Visual thinking, also called visual/spatial learning or picture thinking is the phenomenon of thinking through visual processing.

Visual thinking has been described as seeing words as a series of pictures. It is common in approximately 60%–65% of the general population.

"Real picture thinkers", those persons who use visual thinking almost to the exclusion of other kinds of thinking, make up a smaller percentage of the population. Research by child development theorist Linda Kreger Silverman suggests that less than 30% of the population strongly uses visual/spatial thinking, another 45% uses both visual/spatial thinking and thinking in the form of words, and 25% thinks exclusively in words. According to Kreger Silverman, of the 30% of the general population who use visual/spatial thinking, only a small percentage would use this style over and above all other forms of thinking, and can be said to be true "picture thinkers".

The Dutch nonprofit organization the "Maria J. Krabbe Stichting Beelddenken" conducts research on "beelddenken". The "Maria J. Krabbe Stichting" has developed a test, named the "Ojemann wereldspel", to identify children who rely primarily on visual-spatial thinking. In this test, children are asked to build a village with toy houses and then replicate it a few days later.

In the Netherlands, there is a strong and growing interest in the phenomenon of 'true' "picture thinking", or "beelddenken". As a result of increased media coverage during the last few years, there is an acceptance of its existence by the general public, despite criticism from Dutch psychologists and development theorists, principally N. van Woerden and R. Wiers. Several websites and foundations are dedicated to "beelddenken".

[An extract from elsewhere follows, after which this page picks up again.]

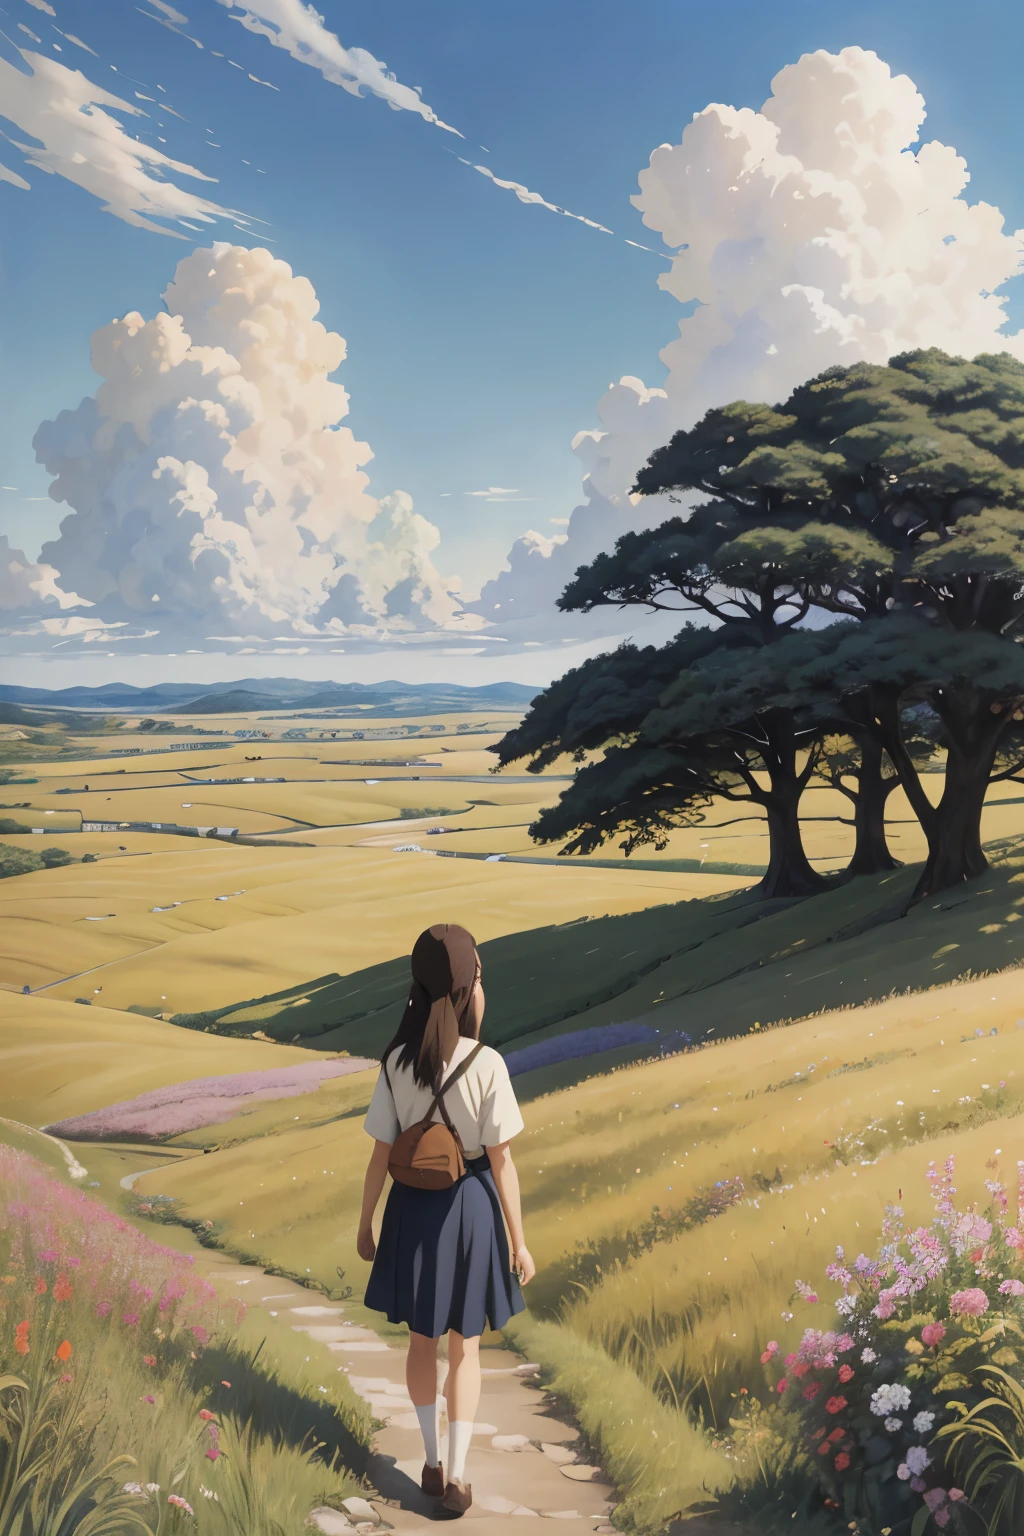 Realista, real, Hermoso e impresionante paisaje pintura al óleo Studio Ghibli Hayao Miyazaki Pétalos Pastizales Cielo azul Pastizales Camino rural,edificio, hermosa chica

Thinking in mental images is one of a number of other recognized forms of non-verbal thought, such as kinesthetic, musical and mathematical thinking.

A common assumption is that people think in language, and that language and thought influence each other.Linguistics studies how language is used and acquired.

The strong version of the Sapir–Whorf hypothesis in linguistics states that language determines thought, and that linguistic categories alone limit and determine cognitive categories. Although Whorf himself framed linguistic relativity in terms of "habits of mind" rather than determinism, the revolutionary nature of his hypothesis was met with much misinterpretation and criticism. In 1969, Brent Berlin and Paul Kay rejected the strong hypothesis using a color terminology study.